• Provided data
· · · ·
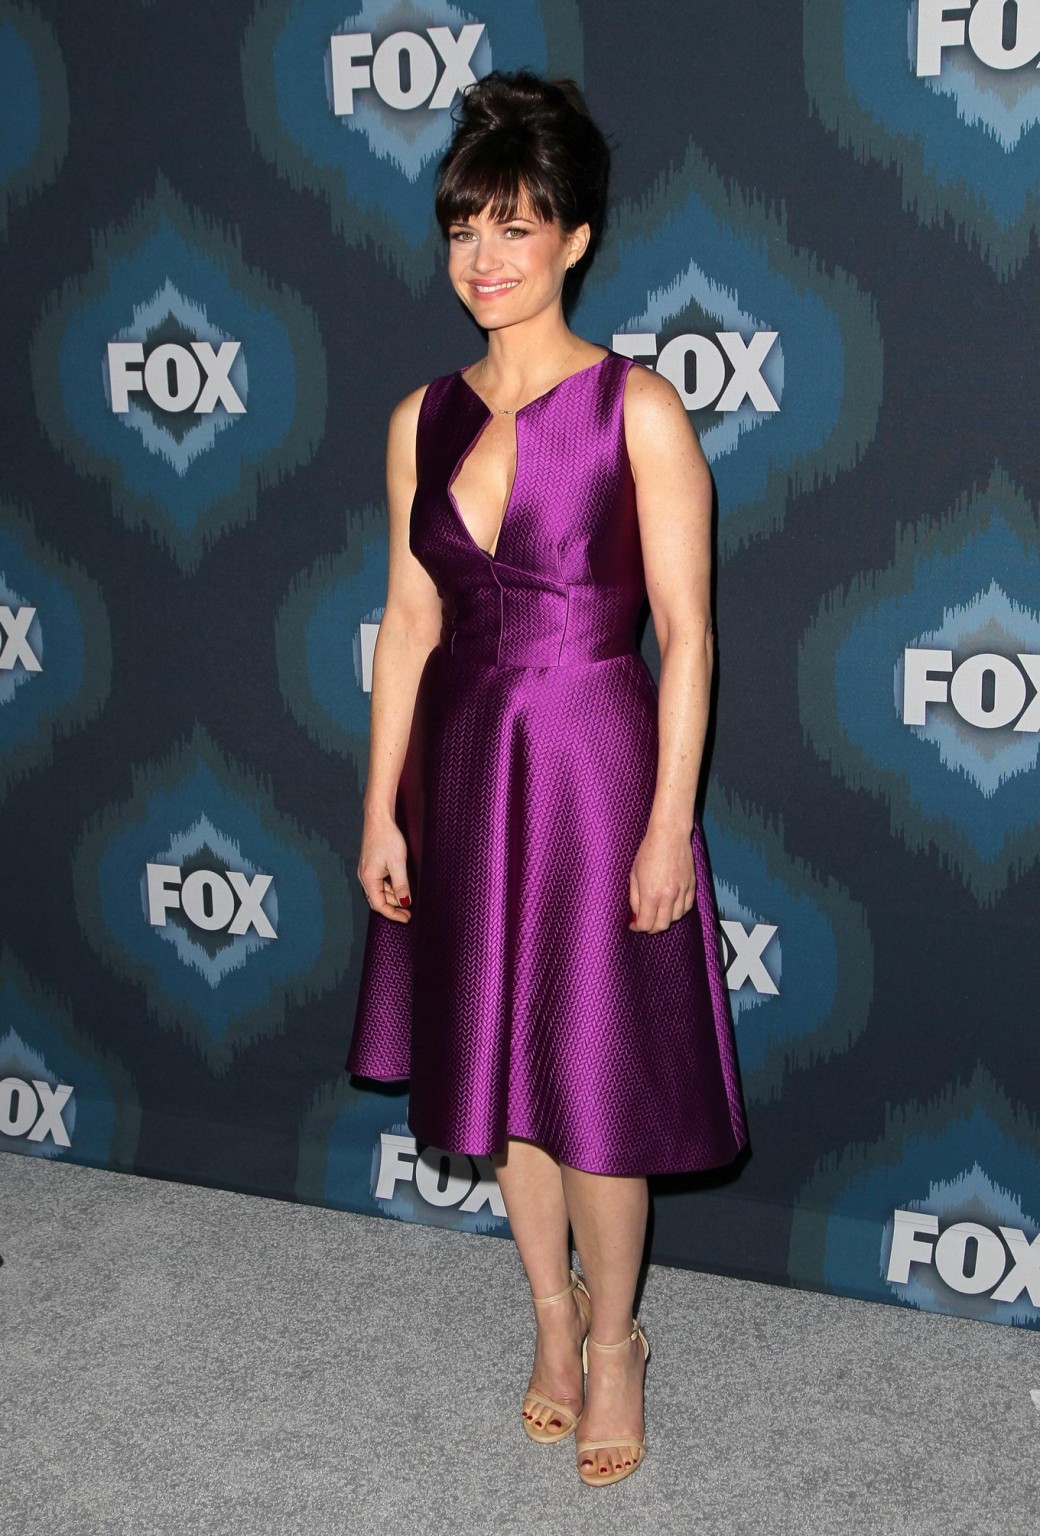 カーラ・グギノ、2015年FOXでパープルのローカットドレスを着て巨乳をブラレスで披露
 #75175562
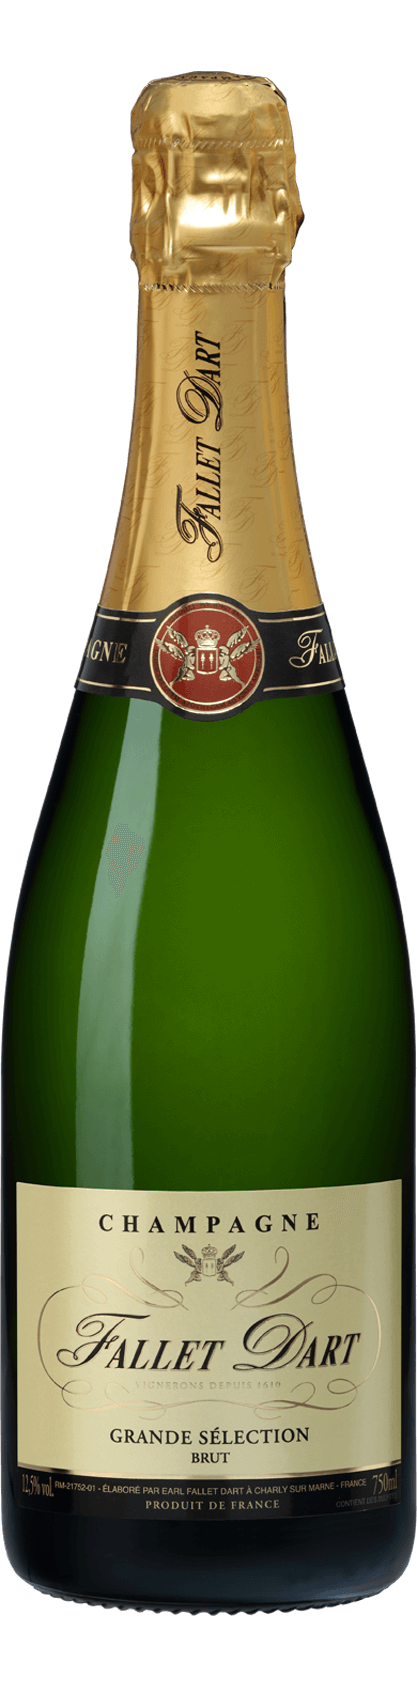 Grande Sélection Brut - Champagne Fallet Dart
· · · ·
The data should be printed again unchanged; leave its pictures out.

 カーラ・グギノ、2015年FOXでパープルのローカットドレスを着て巨乳をブラレスで披露
 #75175562
 Grande Sélection Brut - Champagne Fallet Dart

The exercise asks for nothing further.